Les investissements permettant de désenclaver les pays naturellement fondés à œuvrer pour des projets et programmes complémentaires doivent être érigés en priorité, avant la mise en place de la Zone de Libre Echange Continentale Africaine (Zlecaf) conçue comme étant le marché régional où s’échangent les produits fabriqués en Afrique.
Pour finir sur l’endettement souverain, nous croyons que la vraie question ne réside pas dans le coût ni dans la devise de l’emprunt ; la problématique réelle tourne autour de la rentabilité des investissements auxquels ces ressources financières sont affectées et surtout leur capacité à générer des retours suffisants pour le remboursement et une marge d’autofinancement.
Le contrôle de l’utilisation de ces ressources par les gestionnaires doit être rigoureux.
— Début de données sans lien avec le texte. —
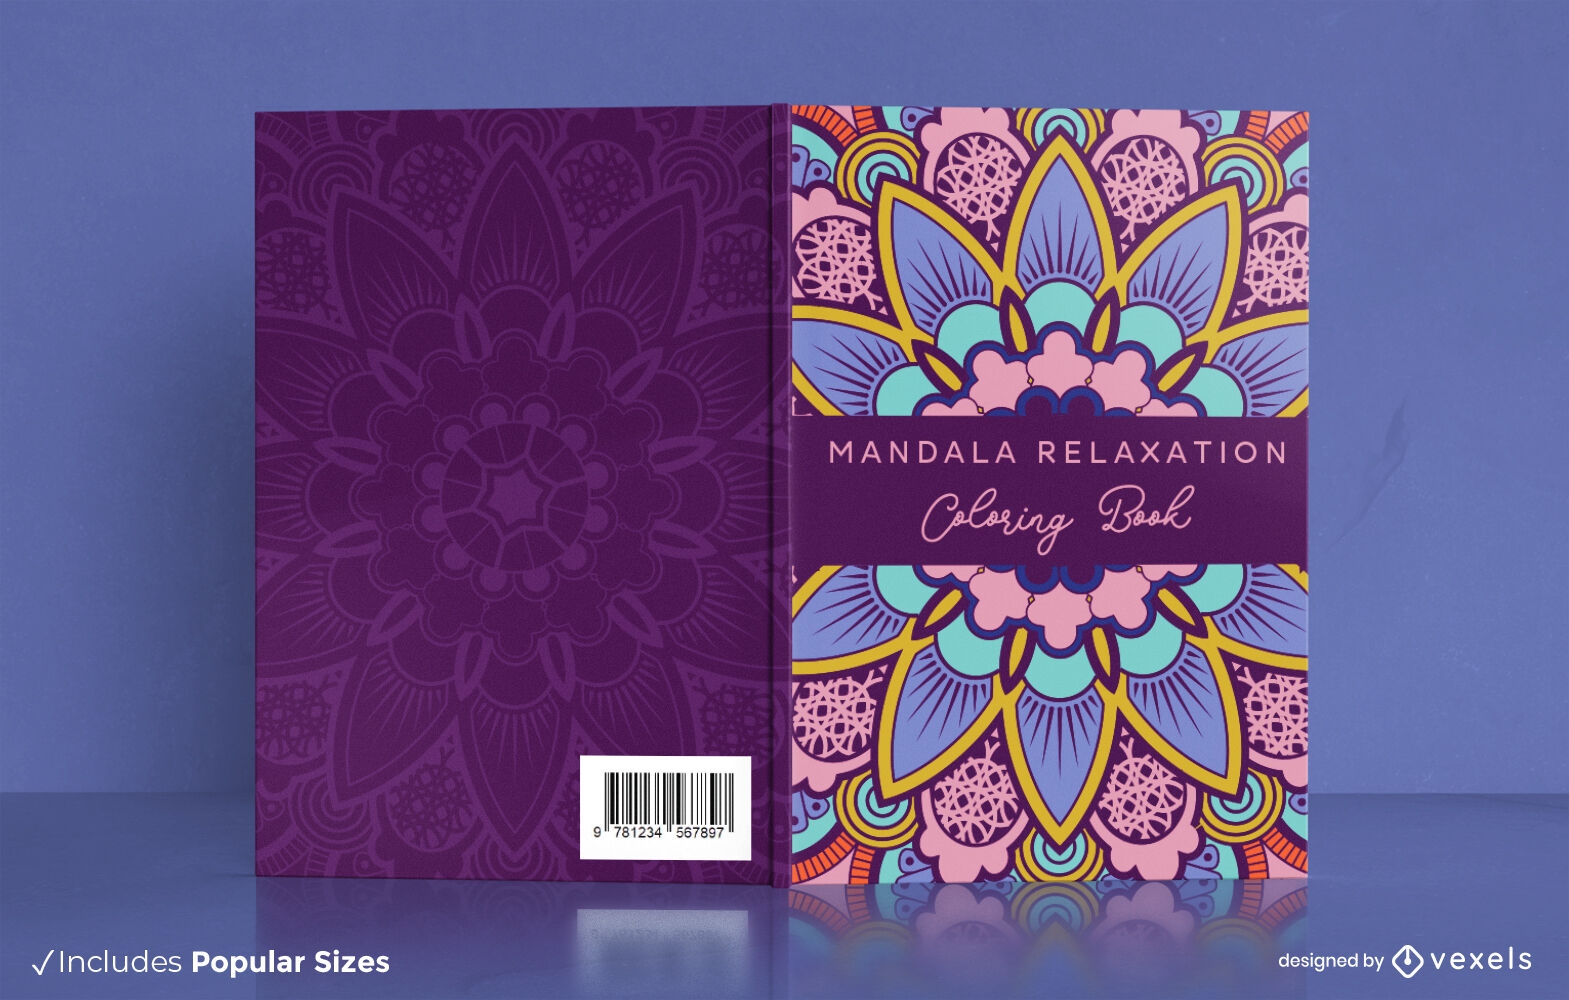 Mandala relaxation book cover design

Il ressort des analyses économiques sur l’Afrique que l’endettement souverain s’est fortement accentué avec la mise à disposition des fonds liés au COVID 19.
Pour ce qui concerne le Sénégal, les rapports des corps de contrôle sur l’utilisation des ressources affectées à la pandémie soutiennent que des distractions frauduleuses ont été opérées par les gestionnaires.
Ces rapports ont fait état de cas de détournements de fonds publics reliés à la pandémie.
Il s’agit de faits que la morale réprouve d’autant plus qu’il s’agit de maladie et de pertes en vies humaine. Il s’agit également d’emprunts souscrits au nom du Sénégal et que les Sénégalais doivent rembourser aux organismes prêteurs, qui ont été soustraits. Il serait par conséquent inconvenant que les fauteurs fussent épargnés.
C’est la raison pour laquelle les nouvelles autorités doivent sévir avec fermeté et ordonner un audit global de la dette souveraine pour y voir clair, mettre en place à court terme des procédures de contrôle rapproché et un « monitoring » permettant de relier à tout instant les ressources affectées à un investissement, à sa rentabilité économique et sociale.